The candidate is the first to acknowledge that a year is a long time in politics, that the tea party's 2010 momentum has lagged, but she says the doldrums don't indicate what the political landscape will look like in 2012 as the U.S. Senate race heats up.
"I think we were on the defensive," Radtke says of possible missteps by the tea party faithful in responding to negative press during the federal debt ceiling debate. The effort, she says, wasn't to shut the government down, but rather to force it to confront the hard reality that there are consequences for not acting to control spending.
Radtke suggests that the debt ceiling debate was a success, even if the tea party had difficulty controlling the message. "The national dialogue has been focused around things that are important to us. Just because you lose one doesn't mean the movement is falling apart."
Far from it, if Johnny Payne is any indication. He's waiting at the Goochland Wawa as Radtke's bus pulls into the parking lot just as dusk begins to descend.
"Gimme some stickers!" he fairly well yelps as the bus's folding door opens and Radtke descends the hydraulic stairs to the pavement.
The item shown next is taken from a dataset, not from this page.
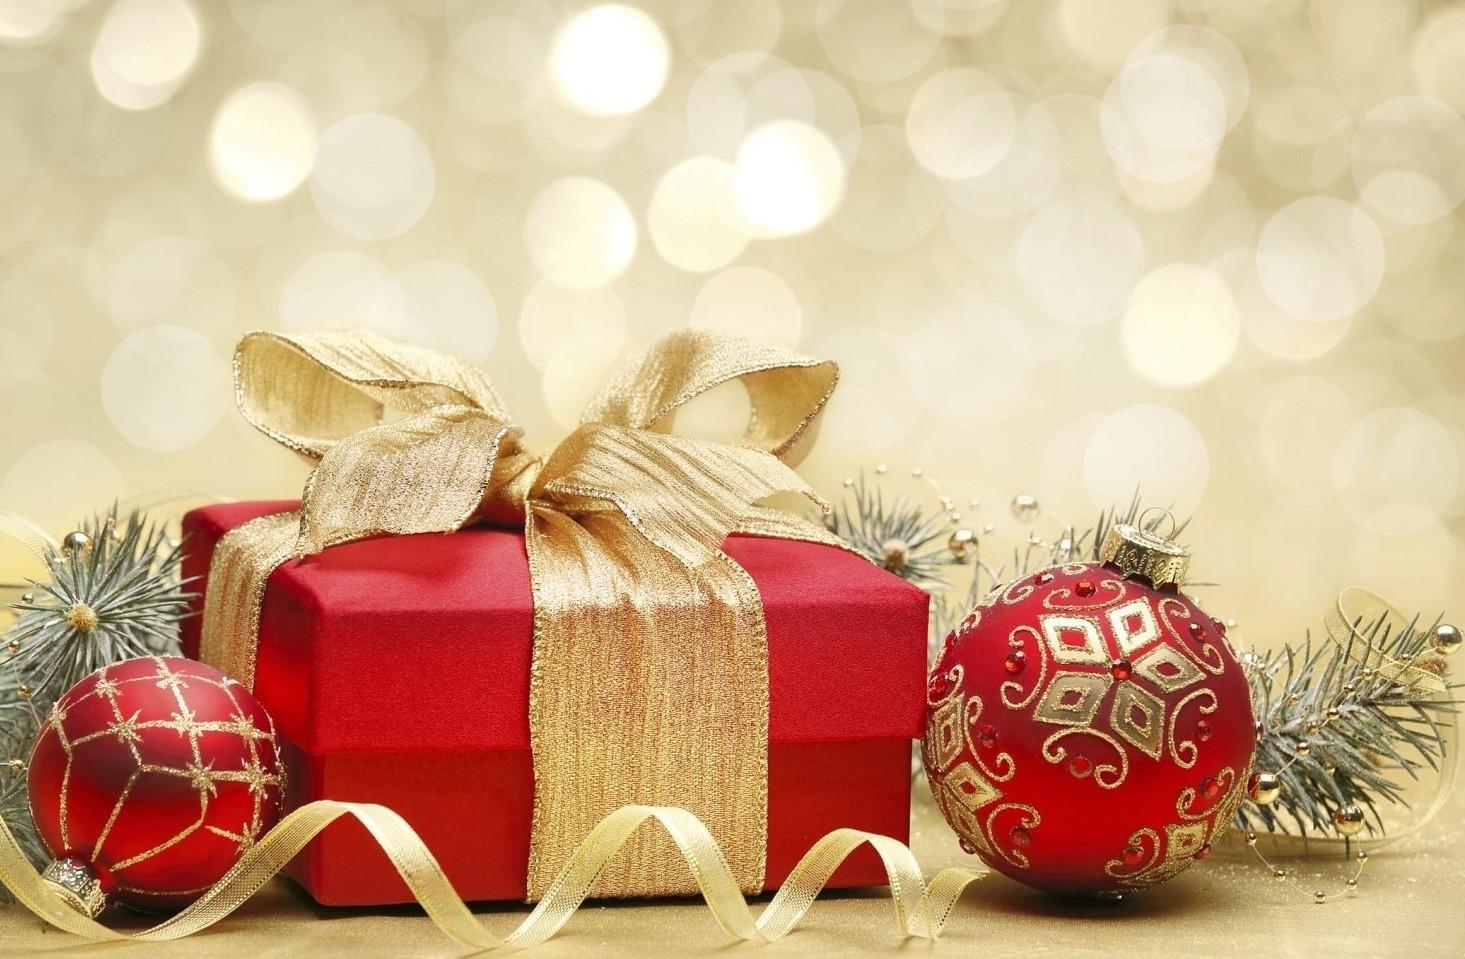 Idee Regali Di Natale Per Bambini.Idee Regalo Natale Per Bambino E Bambina Di 6 Anni Businessonline It

"I'm Southern born and Southern bred, and when I die, I'll be Southern dead!" he announces when asked his name. He points to the sign on Radtke's bus identifying her as a candidate for the Republican nomination. But his sympathies aren't with the old-guard party. Payne represents the enthusiastic base of the tea party that Radtke will need to keep energized enough to show up at the primary polls in March of next year. Today is the first he's heard of Jamie Radtke, but he's happy discovering her.
"I'm tea party leaning," Payne says, introducing himself as a hard-working blue collar truck driver who's only now recovering from a bankruptcy and ensuing home foreclosure brought on by medical bills. Despite that, he's got no patience for welfare or proposed tax increases on the rich, which, as he sees it, could possibly erode jobs. "I believe in everybody making as much as they can," he says proudly. "I don't believe in taxing people more just because they make more."
And what of those social programs that might help him?
"They're spending too much money — and at some point it's got to stop," he says.
For today, Payne is all fired up. He points to his decade-old black truck, still in pristine condition despite its age, including its spotless gleaming bumper. "This'll be the first sticker I ever put on it."